Frick Bruno · Ständerat · 2002-11-28
Frick Bruno · Ständerat · Schwyz · Christlichdemokratische Fraktion · 2002-11-28
Wortprotokoll
Artikel 1 hält fest, dass das Rentenalter der Frauen in der beruflichen Vorsorge ab Inkrafttreten des Gesetzes auf 63 Jahre festgelegt ist und 6 Jahre ab Inkrafttreten des Gesetzes 65 Jahre betragen soll. Die Bestimmung geht davon aus, dass die 11. AHV-Revision am 1. Januar 2003 in Kraft tritt.
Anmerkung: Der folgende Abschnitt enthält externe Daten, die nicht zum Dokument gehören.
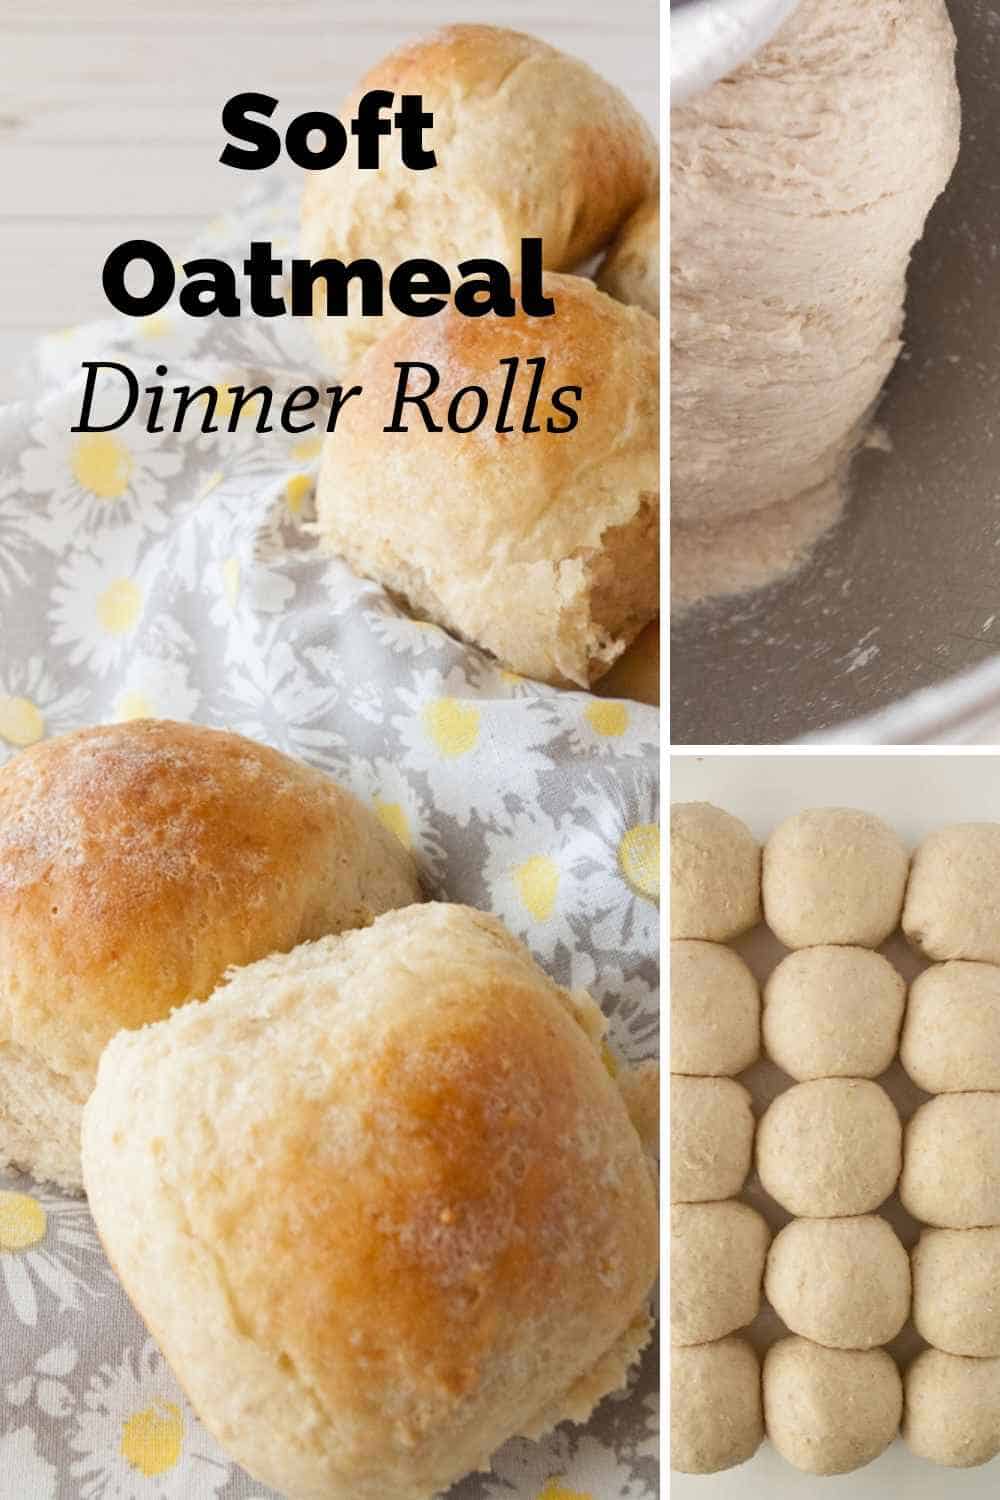 Soft Oatmeal Dinner Rolls - Mindee's Cooking Obsession

Artikel 2 koordiniert die 11. AHV-Revision mit der 1. BVG-Revision und enthält Bestimmungen, die wirksam würden, wenn nur die 11. AHV-Revision, nicht aber die 1. BVG-Revision in Kraft treten würde. In diesem Fall soll der Bundesrat die Kompetenz erhalten, die Bestimmungen über den Umwandlungssatz und die Altersgutschriftensätze an die Erhöhung des Rentenalters anzupassen; dem folgte der Nationalrat.
Artikel 1 haben wir aber neu formuliert. Wir tragen dem Umstand Rechnung, dass die 11. AHV-Revision nicht bereits nächstes Jahr in Kraft treten kann, und wir wollen ein neues Auseinanderfallen der Rentenalter in AHV und BVG verhindern.